Wednesday, April 20, 2022

237. Chicken Jitters (1939)

Release Date: April 1st, 1939

Series: Looney Tunes

Director: Bob Clampett

Story: Bob Clampett

Animation: Vive Risto

Musical Direction: Carl Stalling

Starring: Mel Blanc (Porky, Rooster, Worm, Duck), Danny Webb (Fox), Dorothy Lloyd (Chicken, Whistling)

The title card serving as the most interesting part of the cartoon is never a reassuring sign, but it is at least a sign. Chicken Jitters is an excellent example of Bob Clampett at his worst—which, all things considered, isn’t terrible. Perhaps that’s the problem; the cartoon isn’t terrible by any means. In fact, it isn’t anything by any means. 

A very strong example of Clampett’s Porky burnout, Chicken Jitters entails a variety of chicken gags on Porky’s farm, as well as a stand-off between a hungry fox and a baby duckling.

As many Clampett cartoons do, Jitters opens to an establishing pan, a still centered on a sign gag: PORKY PIG’S POULTRY FARM — EGGS FOR SALE, 40¢ PER DOZ. WITH SHELLS ON — 10¢ EXTRA

The “farmer Porky” genre was something Clampett would tap into from time and time again, as would most of the directors; seeing as Porky is so decidedly humanlike, wearing snazzy clothes, owning a house, owning pets, running a variety of odd jobs, casting him as a farmer was the closest way to tap into his animalistic roots.

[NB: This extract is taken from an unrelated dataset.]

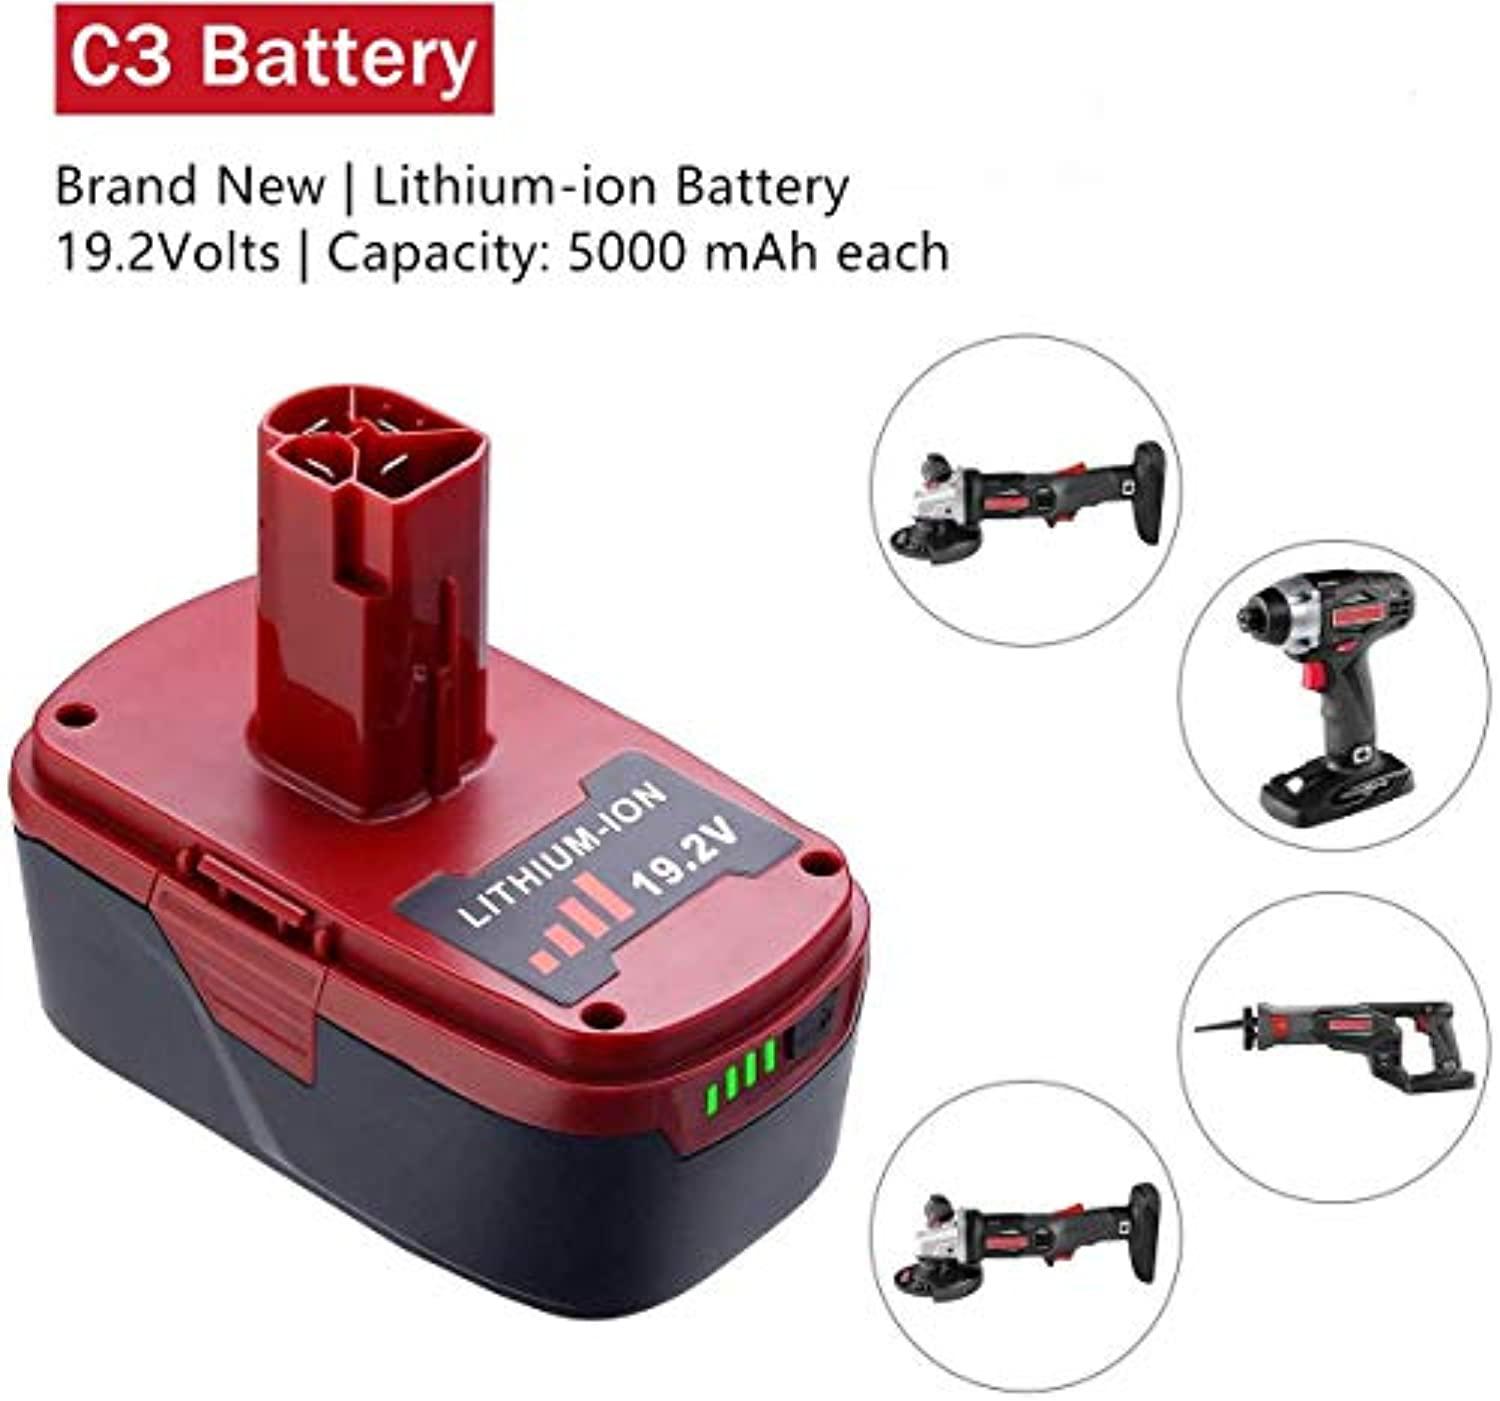 Vanttech 2pack upgraded 5.0ah c3 lithium battery replace for craftsman 19.2 volt battery diehard c3 xcp 3130211004 130279005 11375 110
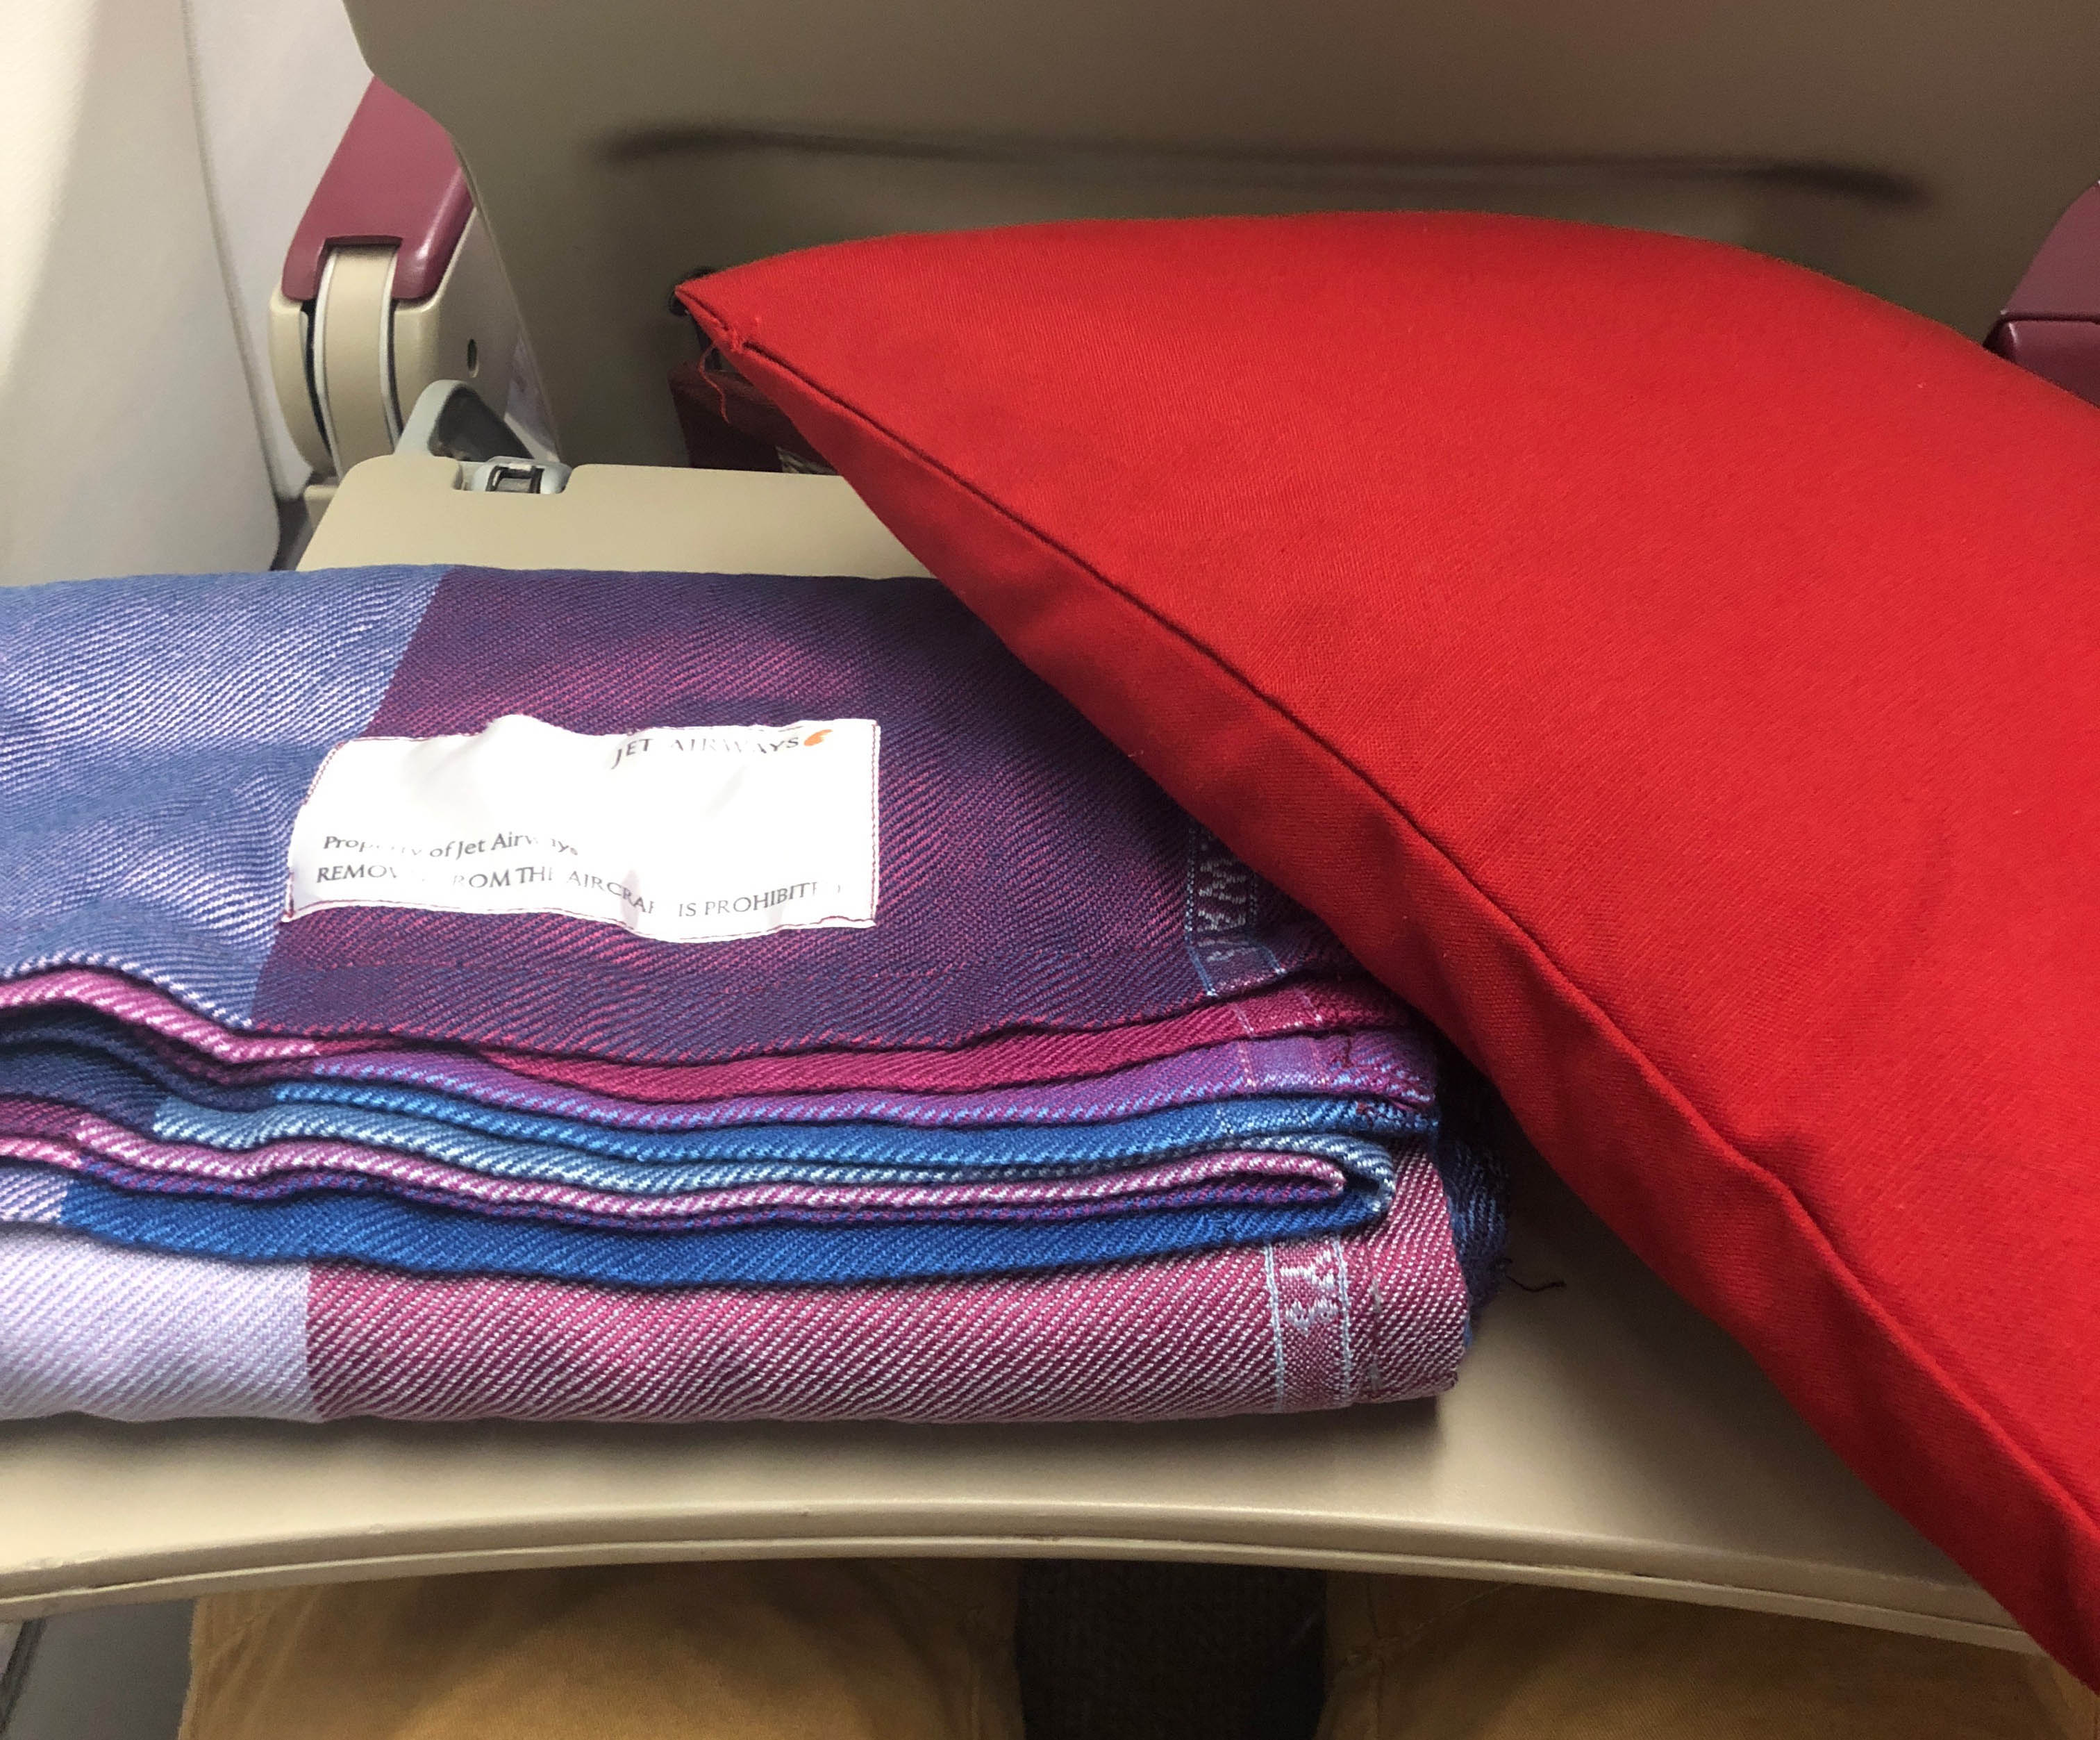 a red pillow and a stack of blankets on a plane

A slow pan across the farm is met with a deliberately slow truck-in to save time and money. 

Dissolve to a bleary eyed rooster waking up for the morning, scouting for the sun with the aid of binoculars. John Carey's animation is noticeable in the drawn out blinks and general solidity of the drawings. The intricately painted background, particularly the leaves on the trees, frame the scene nicely, arcing around the general vicinity of where the sun is expected to rise, serving as a directory for the audience’s eye.

BWWOOOING! Treg Brown’s electric slide guitar sound effects are always welcome accompaniment, working well with the elasticity of the sun springing in the air. While the sky itself hardly changes in lighting (perhaps not enough time or money to paint a dark dawn sky?), Carl Stalling’s demure, floaty music score of “Monday Morning” provides a warm, cozy dawn atmosphere, serving as an adequate substitute.

Satisfied with the cue, the rooster clears his manly throat, flaps his wings, chest ballooning as he threatens to mark the dawn of a new day.

WAKE UP, FELLAS!!!

The pan across the farm is fascinating for a number of reasons. One, there’s a jump between backgrounds that’s hardly noticeable without pausing, but is indeed there. Two, the pan melts into a dissolve to another pan, almost creating a sort of motion blur in the end result, especially with the quick pace of said pan. It works relatively well in movement, the aforementioned splices difficult to notice unless pausing and combing through the frames, but it certainly demands much more intricacy than a regular start-n-stop pan. Perhaps to save the effort of having to illustrate one giant horizontal painting of the farm’s layout.

Nevertheless, said “fellas” are a gang of drowsy chickens emerging from their coops. Each chicken coop is a reference of some kind, whether it be pop culture references such as Blondie and Dagwood and the Hardy Boys, or references to the studio staff. 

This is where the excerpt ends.